As a woman, hopelessly romantic and impassioned by ideas, yet equally seduced by sensation and terrified of loss, can I risk that same freedom of intellectual ideation to find my own Viable World? Of course! And I did – when I made the unprecedented decision this past year to skip the holidays (and December’s blogging) and dedicate myself, through a concise set of thought experiments, to compatibility testing a long gestating philosophical framework with current neuroscience in a globalized human community. Miracle of miracles!! After ten long years, on December 27th, at 8:20am (while folding laundry – go figure) the rasping finally stopped!

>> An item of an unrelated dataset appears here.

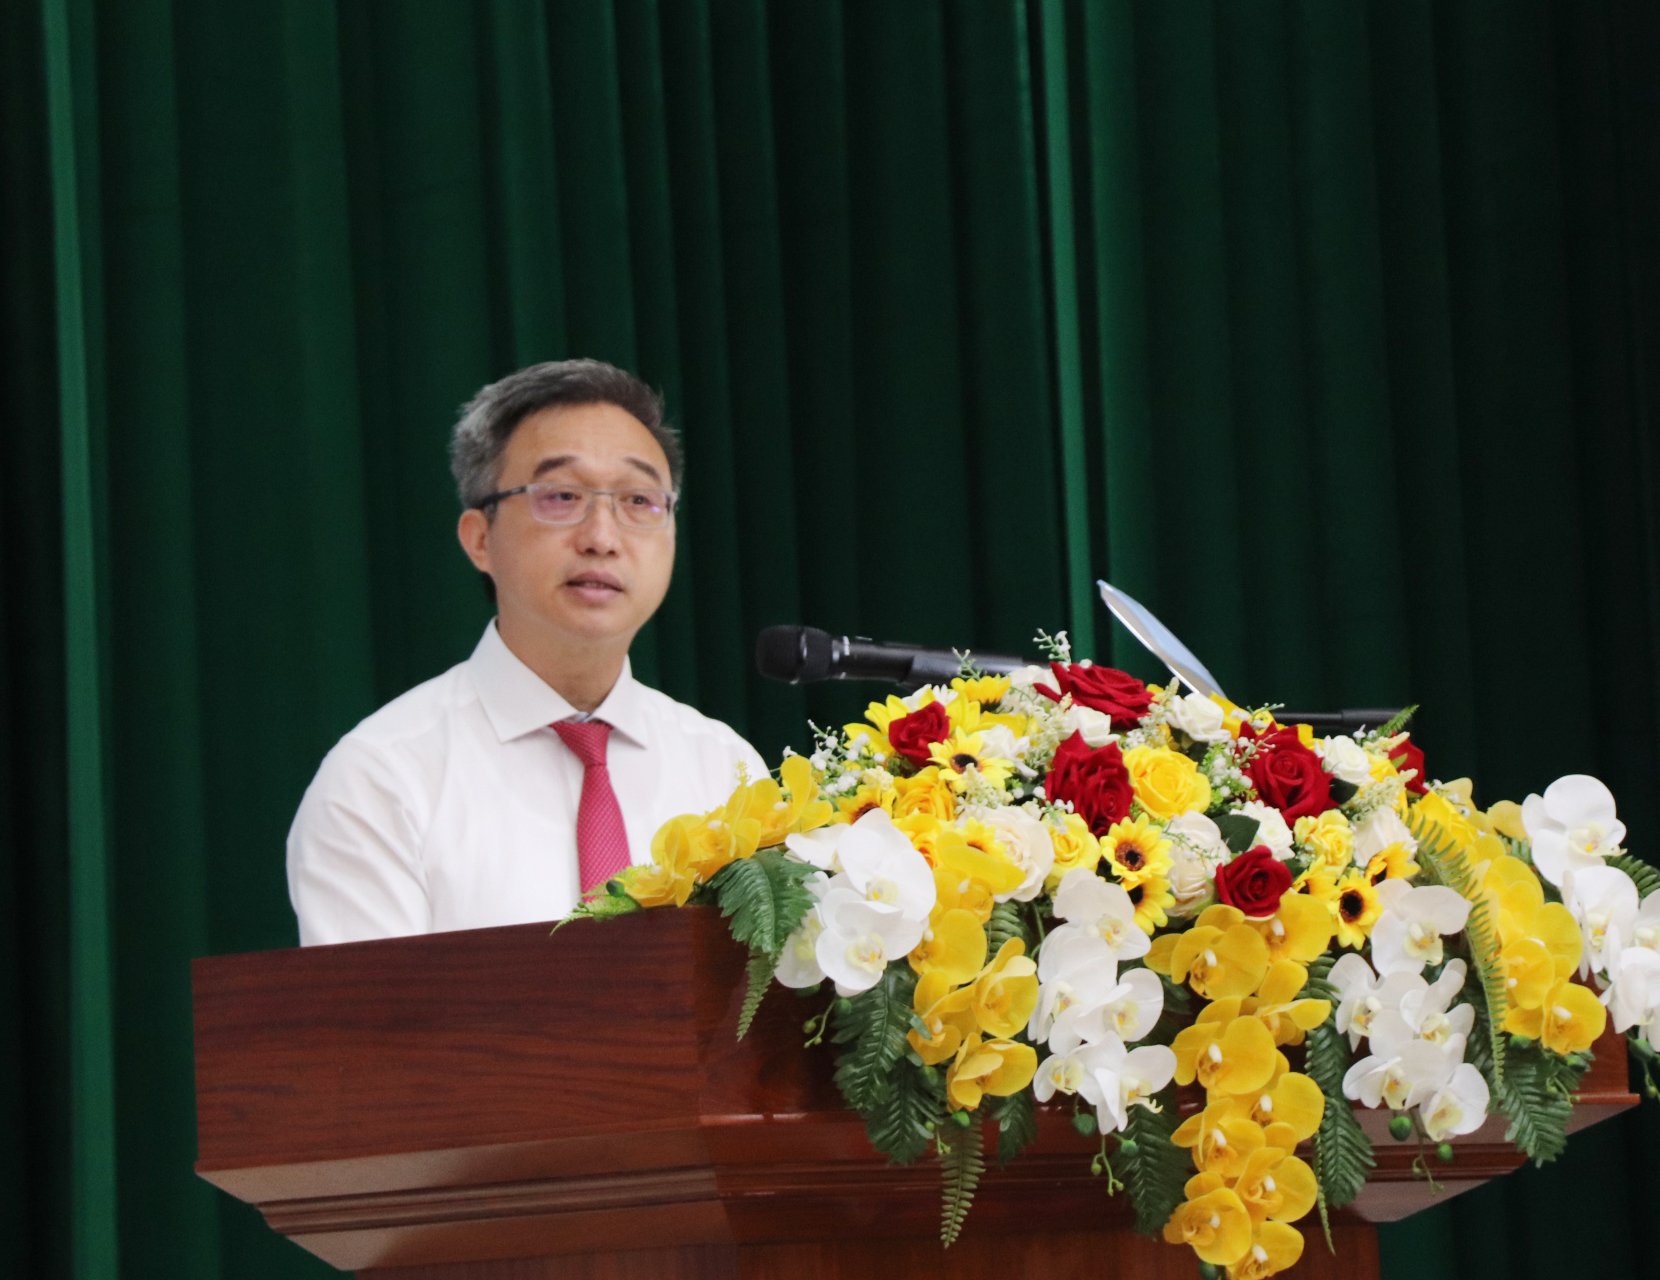 Ông Đặng Minh Thông, Ủy viên Ban Thường vụ Tỉnh ủy, Bí thư Thành ủy, Chủ tịch HĐND TP. Bà Rịa phát biểu chỉ đạo tại Đại hội.

But what about Christmas? I had to have faith that my loves would welcome their prodigal daughter back into the fold come 2014 – and, graciously, they have. But plugging myself back into a broader system is as frightening as it is comforting. What if I’ve pushed my Viable World too far? I was at the hair salon celebrating the start of this new journey (one in which I hope you’ll share!) when I overheard the woman in the chair next to me say, with full genuine emotion, “…and I just loooove Christmas.” I was suddenly, ridiculously jealous that there are people on this earth who can happily snuggle under the warm blanket of symbol and habit, while so many of us are coded to keep asking “why?”
My back went out when I stood up from that hair appointment – a week and a half later and it’s still hurting like a bi-atch. I can’t help wondering whether, on the verge of massive conscious neural rewiring, my brain/body is trying to hold on to its past, and its struggle. It’s such a girl thing, isn’t it, worrying if something new and wonderful is simply too good to be true? F*ck it! I’ve got the balls to find out!
Nietzsche’s assumption of a ‘true hierarchy’ of values is the ultimate in human arrogance. If you find yourself rasping against your own reality this January, risk asking “why?” and dare to engage with your personal system’s intuitive hierarchy without judgement or hubris. Because, it’s only after honest acknowledgment and acceptance that negotiations can begin.
Note: Strangely, or maybe not so strangely, my back relaxed to a state of near bliss (literally overnight!) after first drafting this post. We are truly fascinating, mysterious beings, us humans.